Since we read Walter Benjamin before Karl Marx, I am reminded strongly of Benjamin as I'm reading Marx. But one of the fascinating things is that Marx doesn't sound evil or extreme; he sounds like he is genuinely trying to improve the class of society. Ideology, he says, makes up the central backbone of society. "The ideas of the ruling class are in every epoch the ruling ideas: i.e., the class which is the ruling material force of society is at the same time its ruling intellectual force." (Engels, Marx, 39) Of course, as long as the "ruling class" remains in place, hegemony cannot be avoided; and even within the class of passivity and receptiveness, the rift that develops between those who are passive and those who lean toward the side of opposition, these vanish with the appearance of the popular ideals, because the ruling class' power is so dominant over the power of this minute, insignificant subgroup of ideas.
I like his general principle--it is not to make everyone the same, but to decimate the dominating power of the universal idea accepted by the masses (which is put in place by the dominating, ruling class but does not represent all of its constituents).
However, he does go wrong with his methods.
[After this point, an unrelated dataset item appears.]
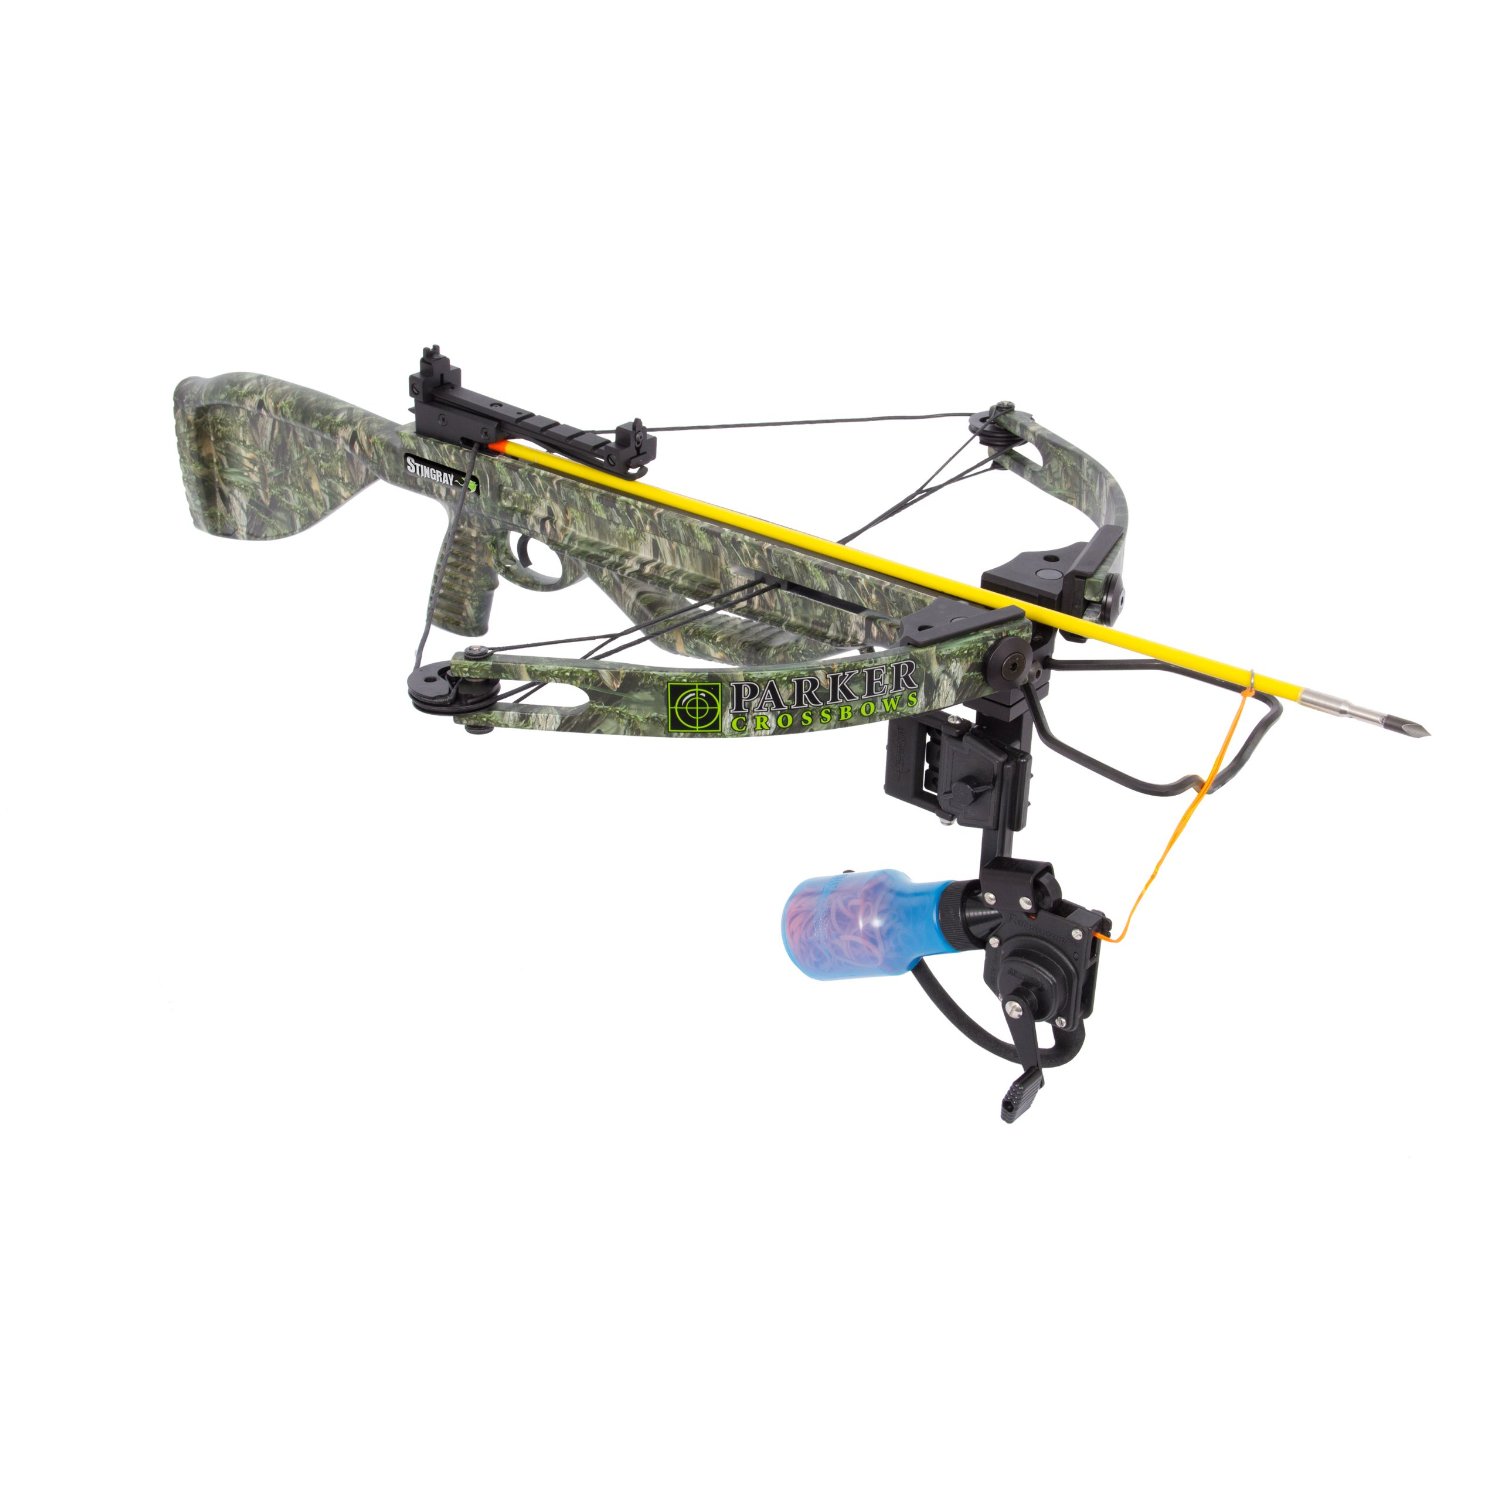 Parker StingRay Review - Compound Crossbow

In his ideology, he empowers the differing class to rise to the position of the ruling class. “Its victory, therefore, benefits also many individuals of other classes which are not winning a dominant position, but only insofar as it now enables these individuals to raise themselves into the ruling class.” (Marx, 40) Now, this advantage puts everyone at a disadvantage; now, we still have one dominant class with mass reproduced ideas and a universal ideology. True, there is not more than one class of people, but neither is there power for the dominant class. The dominant class must be dumbed down for both the original dominating class and the “new ruling class.” Marx argues that as soon as class and distinctions no longer exist, and essentially capitalism is no longer in place, that general interest need not be represented as “ruling,” then the ruling of the class can be disintegrated. I would imagine he would support Lyotard, in theory, with his ideas of metanarratives, and decentralicized society, but in practicality, he is not postmodern; post-modern exists in difference and history and in the fact that there should be plenty of roles in one hand. Although Marx talks a good game about letting everyone possess consciousness and the “doctrine of the separation of powers,” what he really describes is getting rid of the individual stories and force-feeding law down people’s throats—at gun point.